As a Canadian shopper, the abuse of these shipping depots is a bit concerning
to me, as I've used one of the depots mentioned in the post. These are such
high volume shipping locations (to so many different addressees), I'm sure
Amazon has shipped tonnes of orders to these locations and I'm wondering if
they've investigated them before? These centers are very easy targets for
abuse and I know Nike keeps a database of these addresses and blacklist them.

I'm not sure if they do it to prevent grey market exports or fraud, but (from
a consumer perspective), I hope Amazon doesn't go this route.

------
munger
Thanks to Chris Cardinal for taking the time to write this up! I think it's
important to be aware of current fraud like this since a lot of HN readers are
probably also amazon customers (as I am myself).

Also interesting to know about gmail "dot blindness" - kind of like "plus
addressing" you could use it to track who adds you to spam lists, by giving
out different versions of your gmail address to different vendors (not that
most people have time for that - I've never done this).

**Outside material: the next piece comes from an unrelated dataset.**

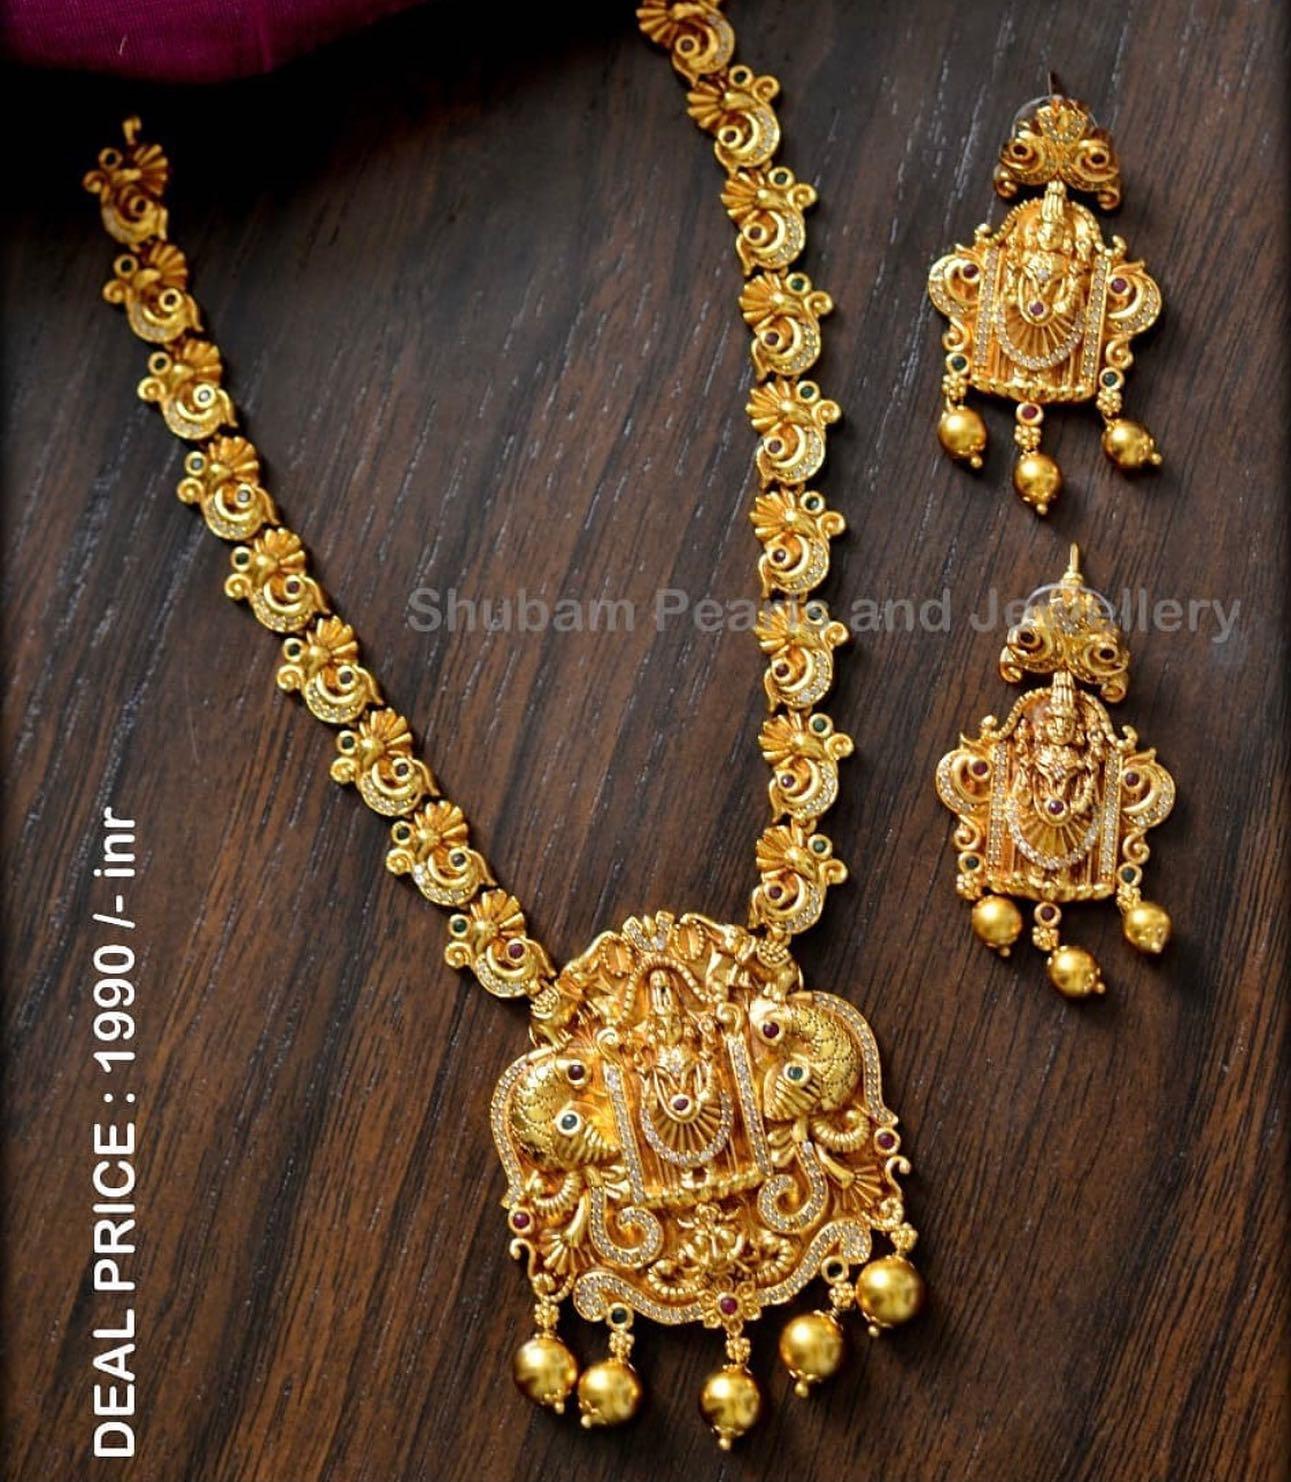 Beautiful one gram gold long haaram with Lakshmi devi pendant. 1 gram gold antique jewellery one gram gold cz jewellery with price 1 gram gold bridal jewellery set

Plus addressing looks like this: myusername+whatever@gmail.com sends to
myusername@gmail.com, but some site's email regex check do not allow this, so
dot addressing could be used instead.

------
disillusioned
I will say this, since it's somewhat amusing, but it's the first time I've
been scammed for negative $43 dollars. I wonder if the scammer figured that he
could get me some hush money and hoped I'd let the rest slide?

------
brechin
Amazon actually distinguishes between accounts with the SAME email address but
different passwords. I don't know of any other site that uses email as an
account identifier and lets multiple people use the same one.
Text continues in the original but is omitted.